I pictured Stanford encircled by coppers. A rat surrounded by hounds. No place to turn, no place to run. No wallet, no ticket, no nothing. That gave me my first smile of the day.

I expect you're going to have one heck of a time sifting through this one. I wish you all lots of luck. The expired cabbie should be easy enough to track down. But unless Stanford starts singing, it's going to take a while to trace his substitute. Not to mention his game.

Sergeant Polhouse kicked it around some with me. Of course I haven't had a look-see at his baggage, so I'm just speculating off the cuff. This bird Stanford. Worked for a brokerage, right? That opens up several possibilities. A little embezzling, a little manipulation, what have you. According to Polhouse, Stanford's ex is pretty well fixed, and Stanford still handles her investments. That makes for a cozy twosome.

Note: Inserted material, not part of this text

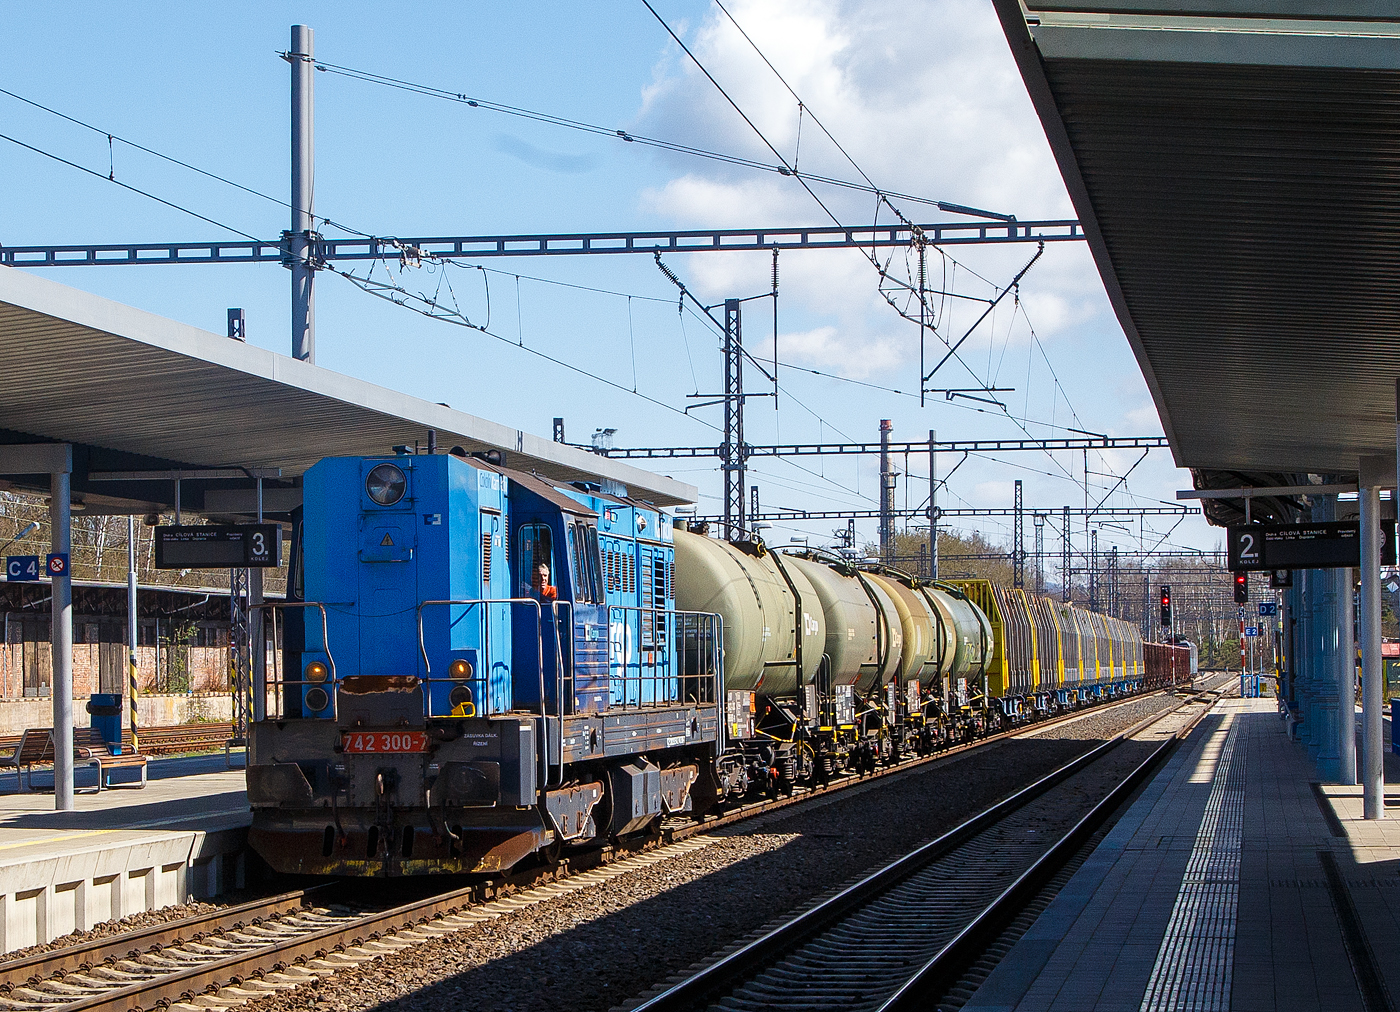 Die 742 300-7 (CZ- ČDC 92 54 2 742 300-7) der ČD Cargo, ex ČSD T 466.2300, fhrt am 19 April 2023, mit einem gemischten Gterzug, sowie am Zugschluss noch die beiden „kalten“ elektrischen Zweisystemlokomotiven 363 530-7 und 363 524-0, durch den Bahnhof Karlovy Vary (Karlsbad) in Richtung Nov Sedlo u Lokte.

Die  Tranzisto  wurde 1983 von ČKD in Prag unter der Fabriknummer 12734 gebaut.

I'm curious about this Miss Cooper, too. Did she really exist? I'd like to know if she or anyone else had a role in any of this. Maybe it's simply a case of the rat mousing around. Maybe Cooper will turn up in Los Angeles. Or maybe he gave her the dodge and she's holed up in New York.

Those are possibilities. Lots to sift through. However it unravels, anybody waiting for Stanford better be plenty darn good at waiting. They might be waiting a long time. They might not see Stanford again in this life.